逆に言えば、ジューカーのみなさんはウォーミングアップや基礎練なしに、あんなふうにつま先立って回ったりバランスを取ったりしているのですね! それはそれで驚きです。
ジューキンはもともとソーシャルなダンス、つまり社会的なコミュニケーションのなかで踊られるものですからね。言ってみれば行き当たりばったりというか、その場で踊り合って、試し合って、とにかく踊ってみるというのがジューキンのカルチャーなので。でも、より長く踊れるようにするためには、まず筋肉を温めなくてはいけないとか、こういう基礎練をすると効果的だとか、この動きをする場合にはここの筋肉を使うべき、とか。それまで身体では何となく感じていたけれど、頭でロジカルに理解してはいなかったことを、バレエは明確に教えてくれました。それによって、ピルエットを回る時はお尻の筋肉をこう使うとか、インナーマッスルはこう使うとか、分析的に考えて、意識しながら訓練できるようになった。バレエを学び始めて一番変わったのは、そういうところですね。

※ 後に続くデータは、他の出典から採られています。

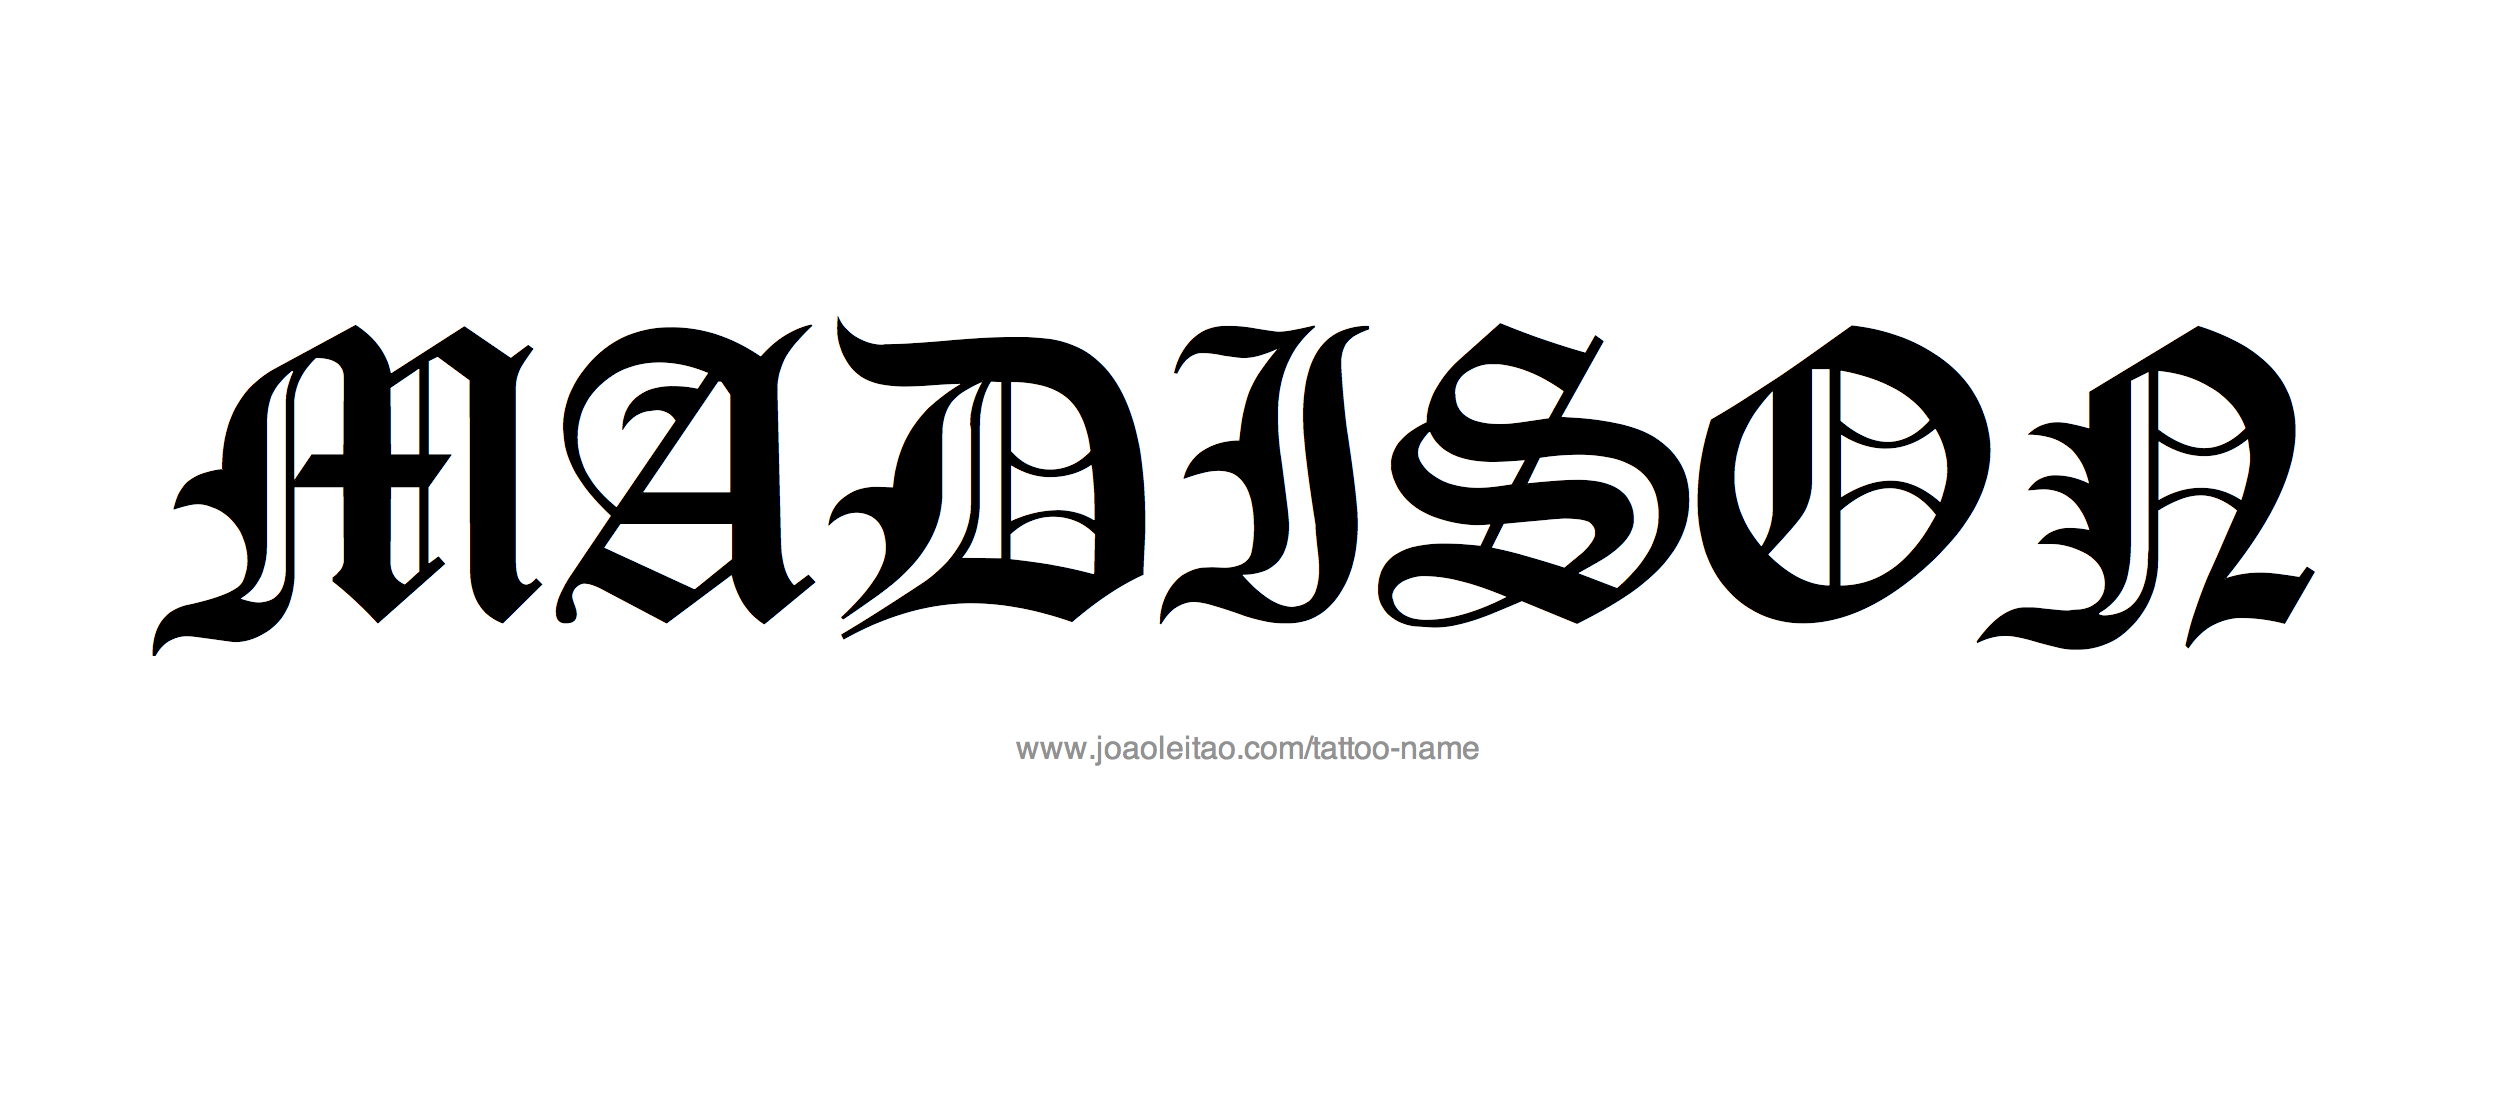 Tattoo Design Name Madison 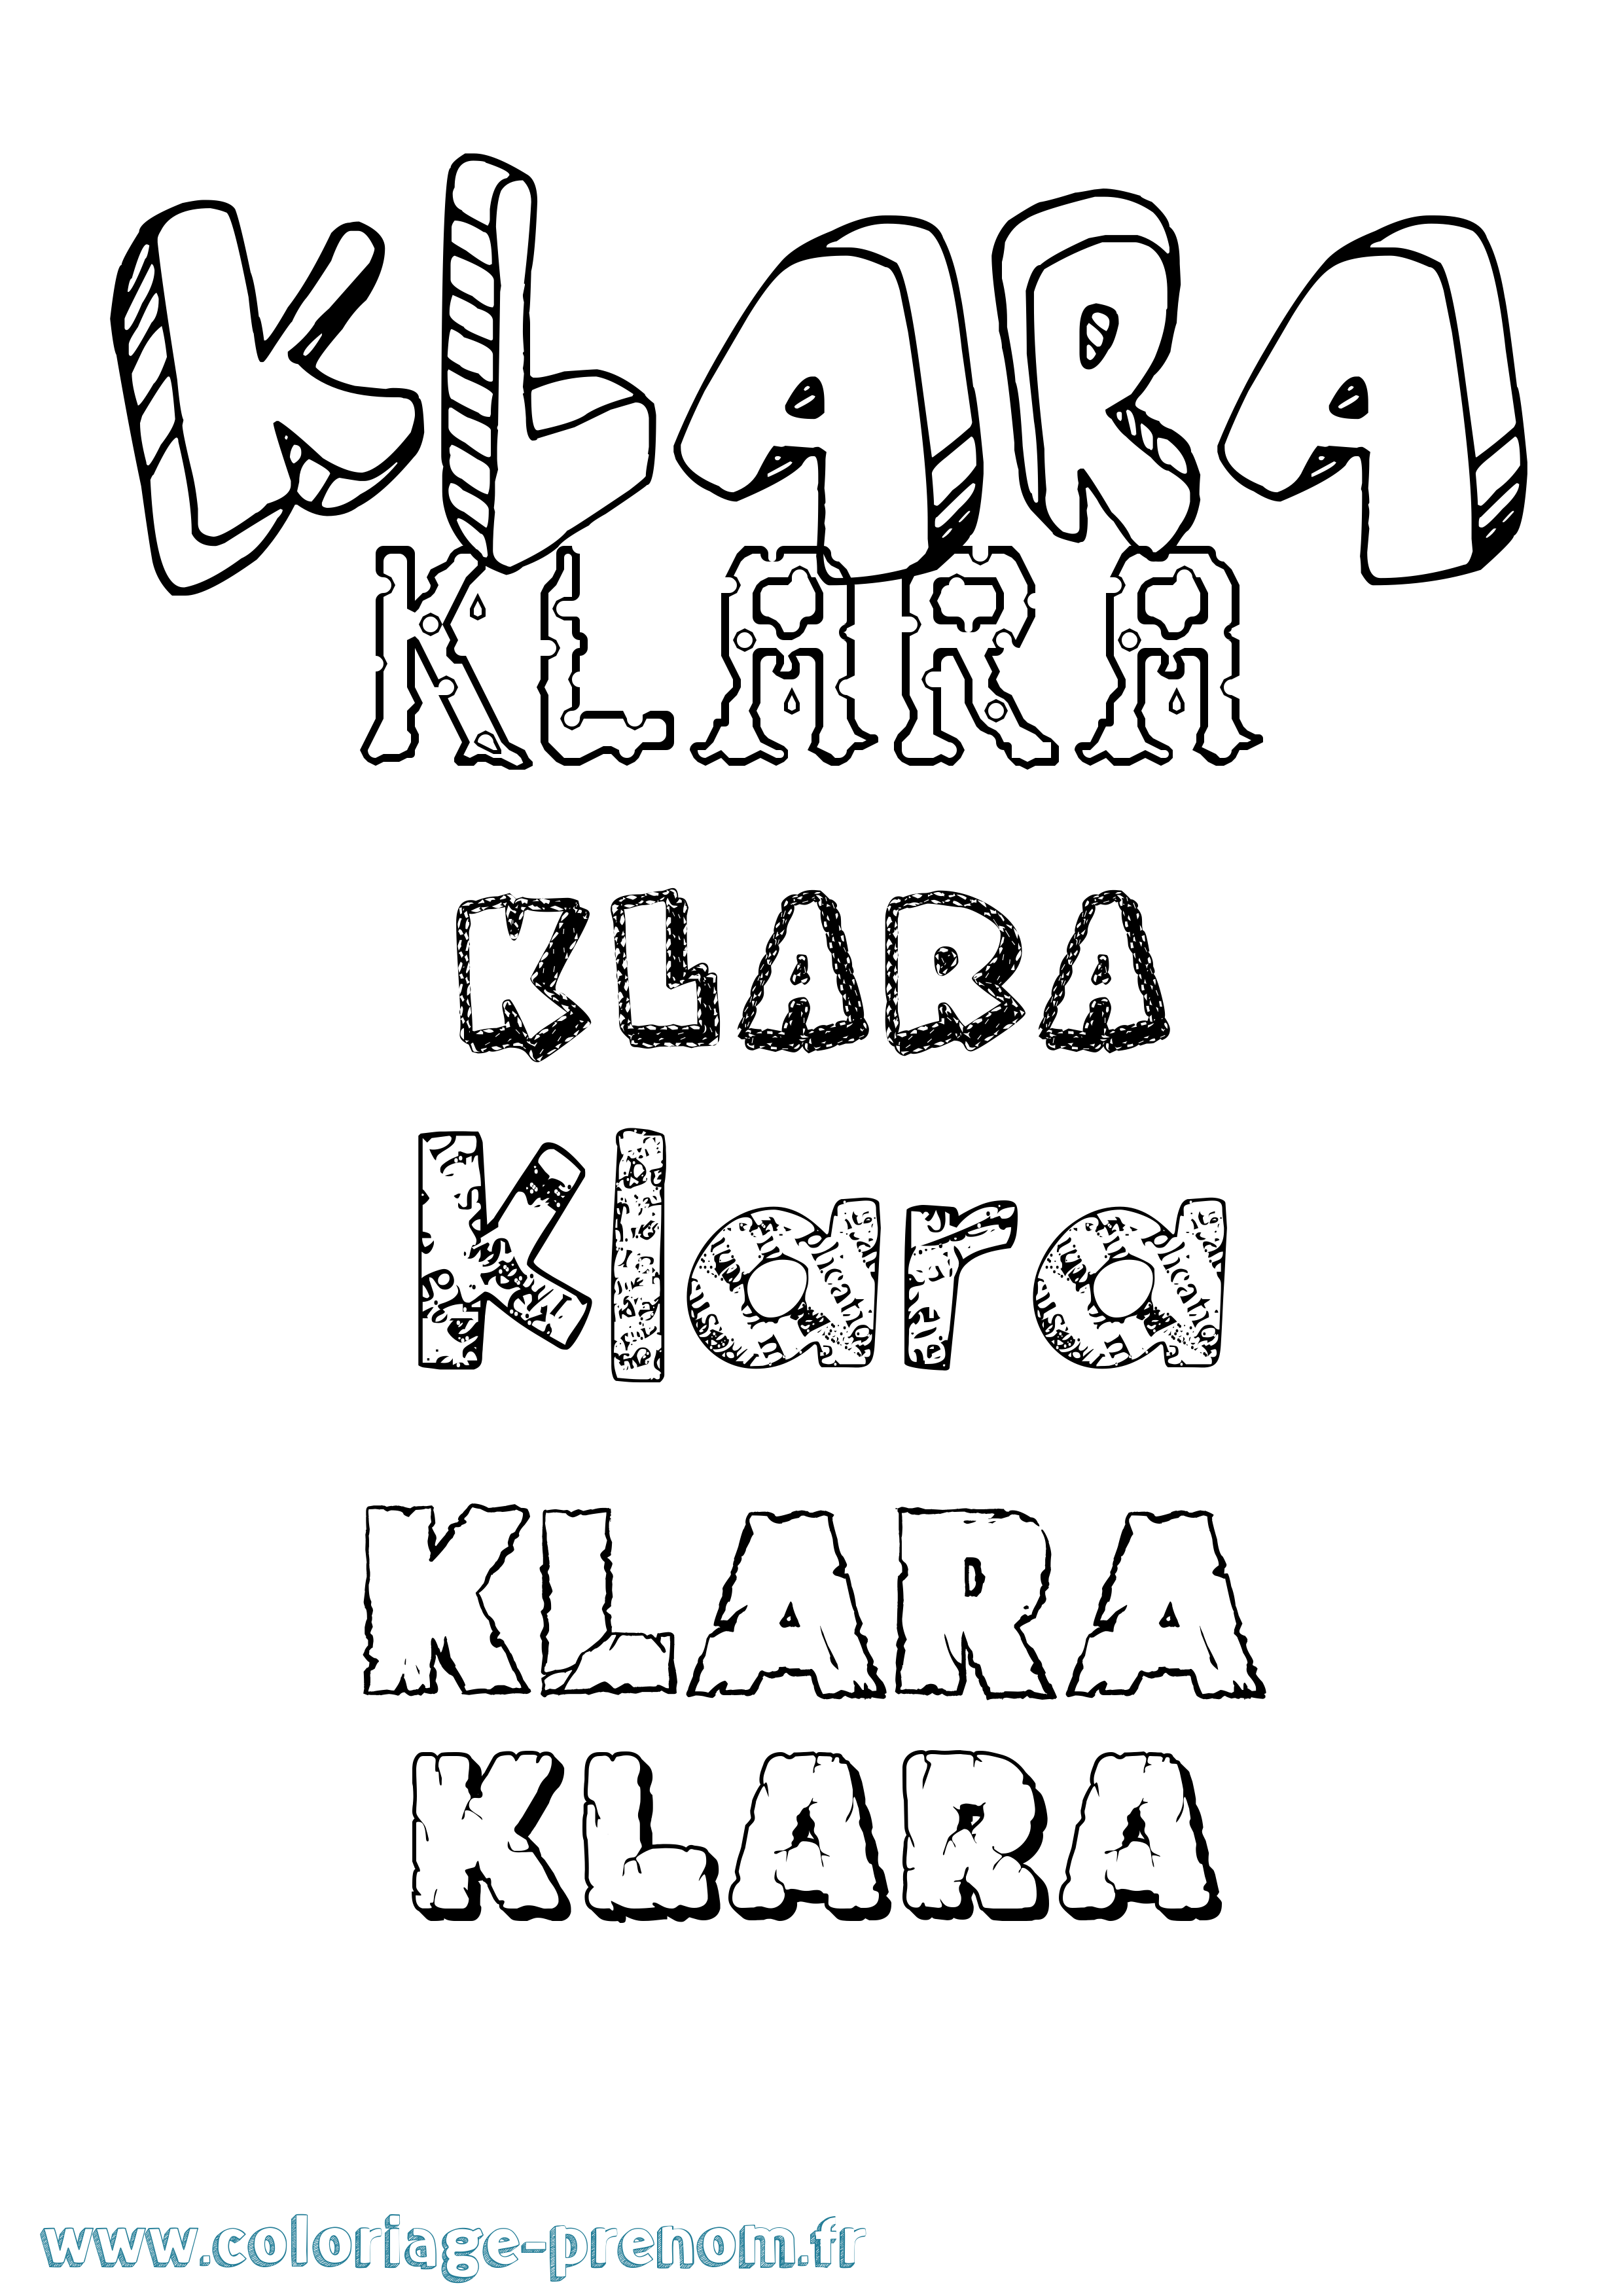 Coloriage prénom Klara Destructuré

©️2020-LECHINSKI-MACHINE MOLLE-CRATEN “JAI” ARMMER JR-CHARLES RILEY

そしてリル・バックさんの名を一躍有名にしたのが、このドキュメンタリー映画のなかにも繰り返し出てくる「白鳥」ですね。まず2010年に踊った初めての「白鳥」、あちらもリル・バックさん自身が振付けたものですか?
そうです。というか、「白鳥」はもともと即興で踊ったものなんですよ。でも、みなさんから「踊って、踊って」と繰り返し言われるので、何度も踊るうちにだんだん原型みたいなものができてきて、最終的に振付が完成しました。
その後、2011年に中国の舞台でチェロ奏者のヨーヨー・マさんと共演した際のパフォーマンスには、ミハイル・フォーキン振付のバレエ『瀕死の白鳥』のオマージュみたいな動きも取り入れているように見えました。あの時にはすでに、バレエの振付も少し参考にしたりしていたのでしょうか?
正直に言うと、あの時点では未だ、本当に一ミリたりとも、バレエに『瀕死の白鳥』という作品があるなんてことは知りませんでした。その存在を知り、数々の名バレリーナたちが踊る映像を見るようになったのは、全部あの中国の舞台よりあとのことです。そして今ではバレリーナの動きを少し取り入れたりして、振付をさらに発展させていますが。
そうだったのですね!
それはそれで良かったと僕自身は思っていて。過去の作品について何も知らないまま踊っていたというのは、むしろ素晴らしいことじゃないかと。というのも、フォーキンのあの振付だって、もともとはただ振付家が感じたことを源泉にして生まれたわけでしょう? 僕の「白鳥」も、それと同じ。ただ純粋に自分の核の部分からあふれ出てきた動きであり、僕自身のフィーリングの発現なんです。
もうひとつ、今回のドキュメンタリー映画を見て感銘を受けたことがあります。それは、リル・バックさんの「音楽の聴き方」です。映画の終盤、子どもたちにダンスを教えている場面で、あなたは「まずリズムを分析するんだ。そうしていちど音楽をバラバラにしてから再構築すると、他の人には聞こえない音が聞こえてくるんだよ」とアドバイスしていますね。そういう音楽の聴き方を、あなたはどうやって身につけたのですか?
僕はとにかくダンスが上手くなりたかった。優れたジューカーになりたかったんです。その一心で、音楽に対する感覚も身につけていったとしか言いようがないかもしれません。というのも、僕はメンフィス生まれではなく、8歳の時にシカゴからメンフィスへ移住したので、言わばアウトサイダーだったんですよ。そんな僕が生粋のジューカーたちのなかで頭ひとつ抜きん出るには、どうすればいいか? それを考え続けるなかで、「音楽をいかようにでも料理できるようになろう。そのためには、まず音楽を聴き込むことをやってみよう」と。僕の音楽性は、そこからきていると思います。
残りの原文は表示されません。